Work to complete: All lines from the one holding "swimming. 🦑🌊👾 Happy" through the last line of the entries below must be transcribed exactly, and no others. Pictures do not go in.

Records from a data collection:
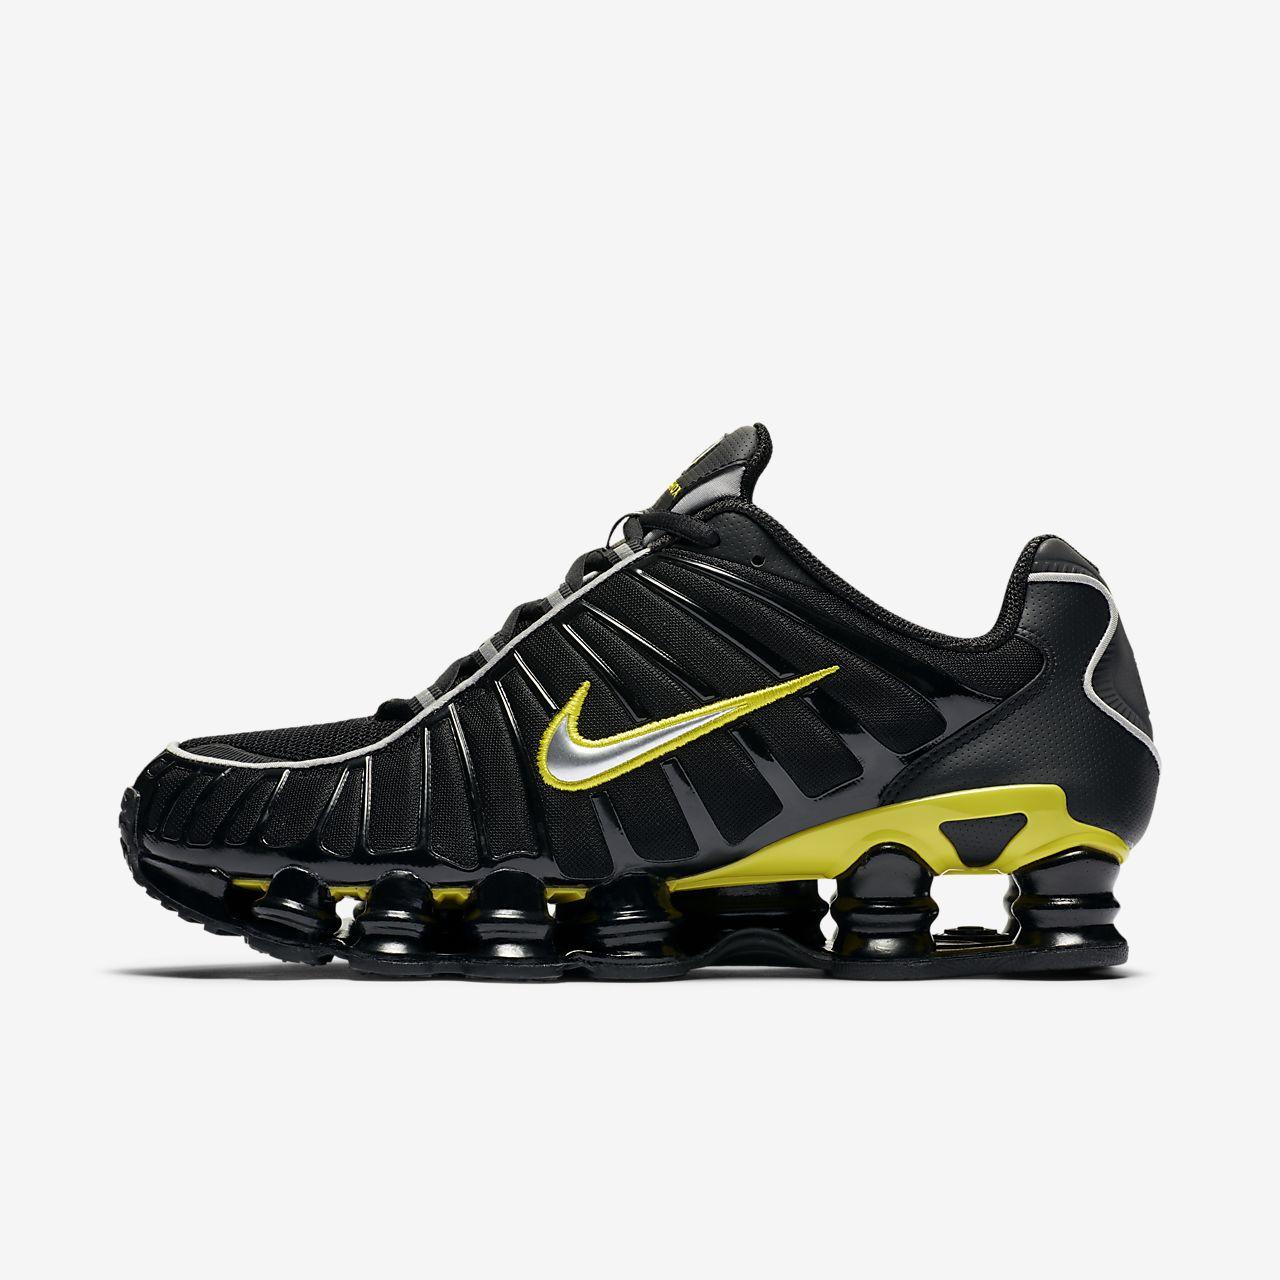 Tl Chaussure Shox Nike Pour Homme LVUqSzpjMG
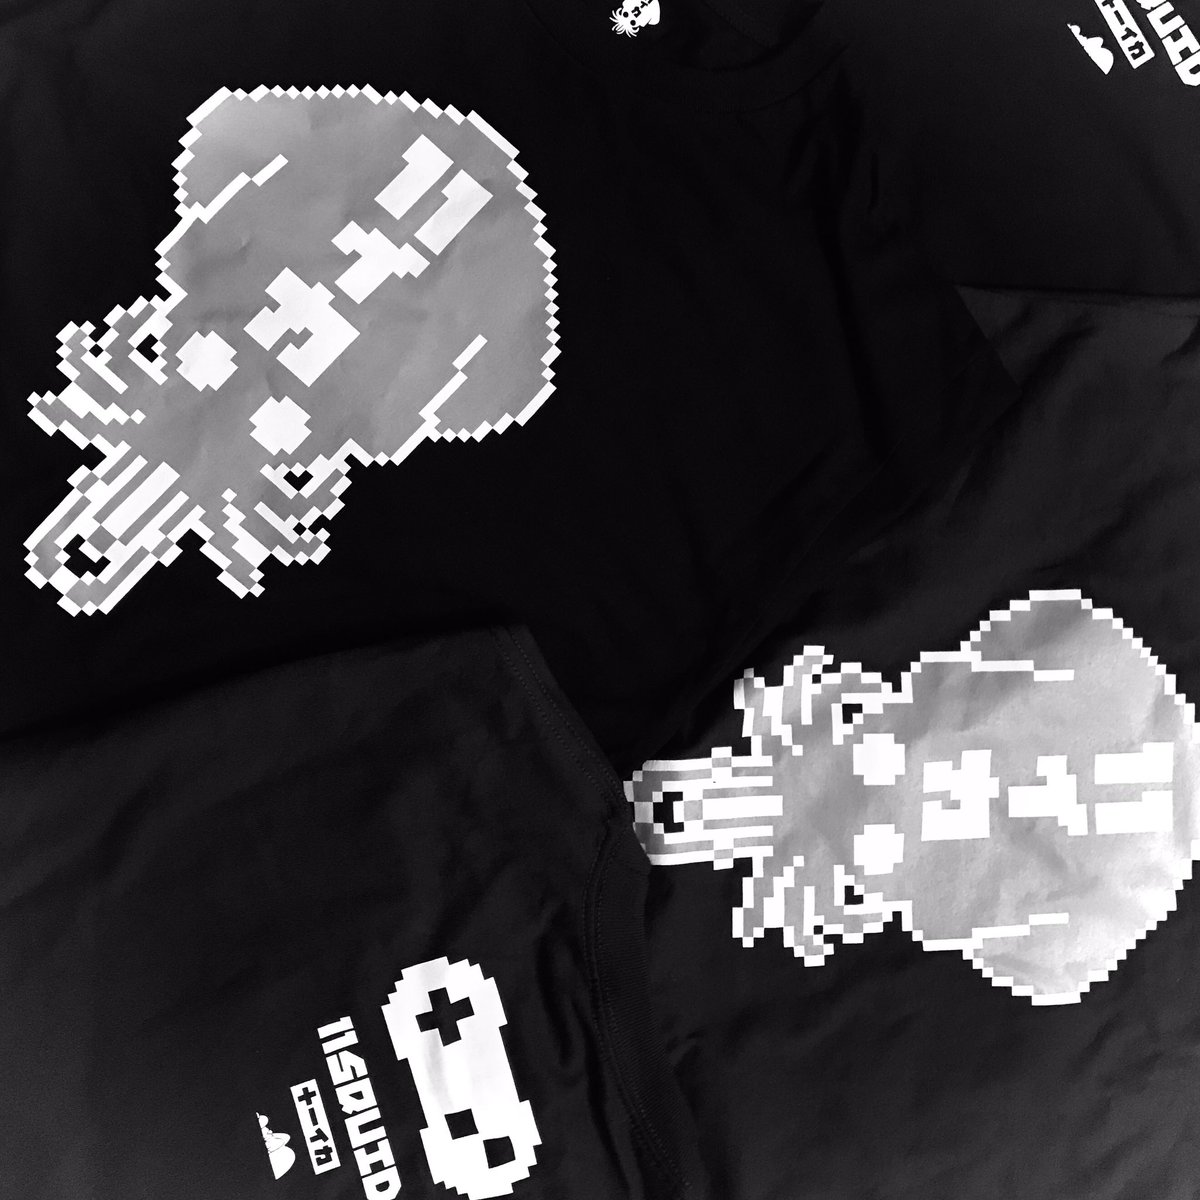 "8-bit swimming. 🦑🌊👾 Happy Aloha Friday!!! • ""8-Bit Logo"" t-shirts available on the 11SQUID online shop:  —- #11SQUID #8bitlogo #8bitsquid #pixelart #pixel #happyalohafriday #alohafriday #11イカ #tshirt #tshirts #HawaiiClothing #shoplocal #Hawaii #local"
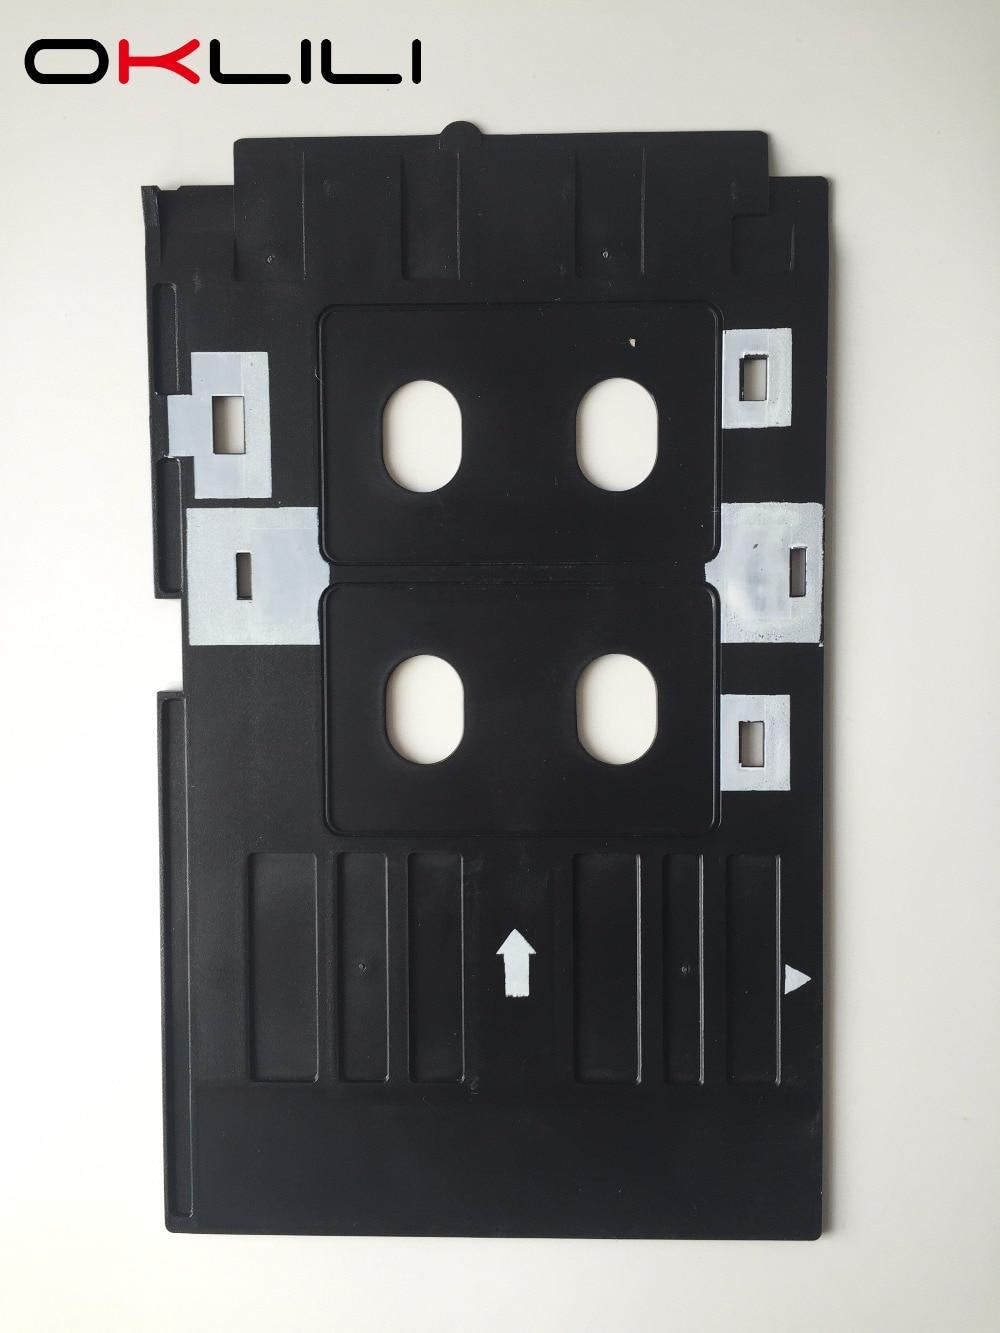 Printer Supplies Ink Way 25pcs Pvc Id Card Tray For R260 R265 R270 R280 R290 R380 R390 Rx680 T50 T60 A50 P50 L800 L801 R330 Office Electronics
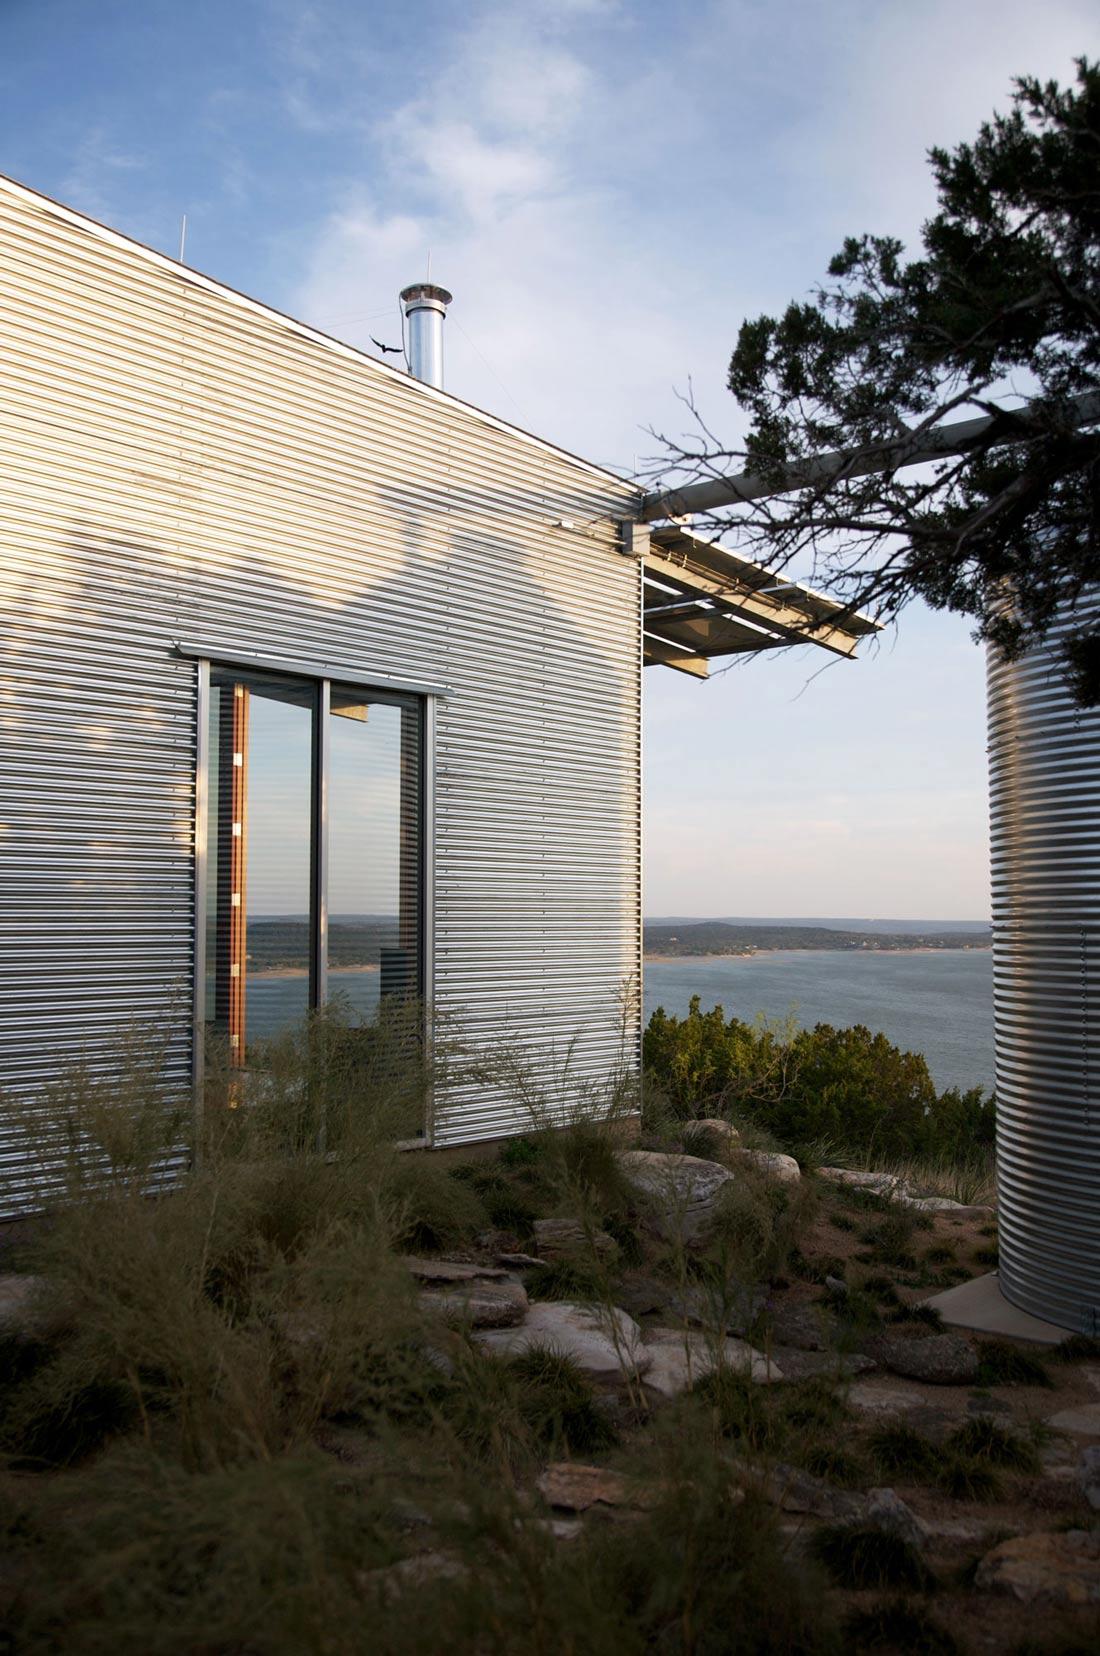 Simple Eco Friendly Home Perched Above Lake Buchanan Texas
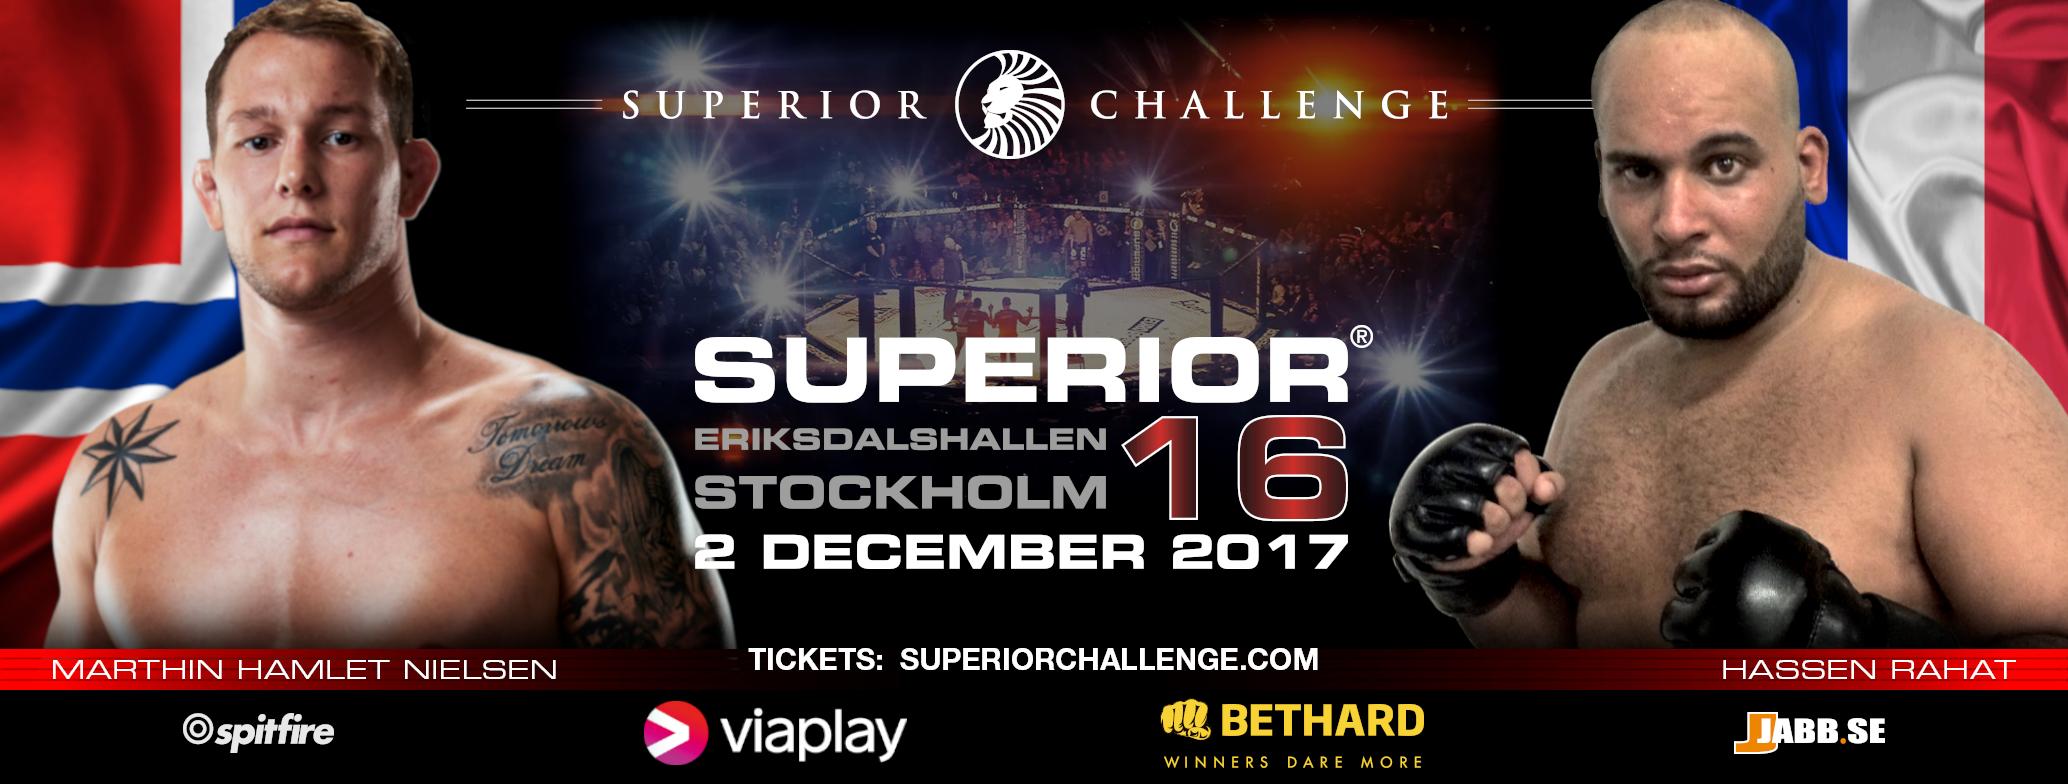 Marthin Hamlet Nielsen vs Hassen Rahat Superior Challenge 16

Reply to the exercise:
 "8-bit swimming. 🦑🌊👾 Happy Aloha Friday!!! • ""8-Bit Logo"" t-shirts available on the 11SQUID online shop:  —- #11SQUID #8bitlogo #8bitsquid #pixelart #pixel #happyalohafriday #alohafriday #11イカ #tshirt #tshirts #HawaiiClothing #shoplocal #Hawaii #local"
 Printer Supplies Ink Way 25pcs Pvc Id Card Tray For R260 R265 R270 R280 R290 R380 R390 Rx680 T50 T60 A50 P50 L800 L801 R330 Office Electronics
 Simple Eco Friendly Home Perched Above Lake Buchanan Texas
 Marthin Hamlet Nielsen vs Hassen Rahat Superior Challenge 16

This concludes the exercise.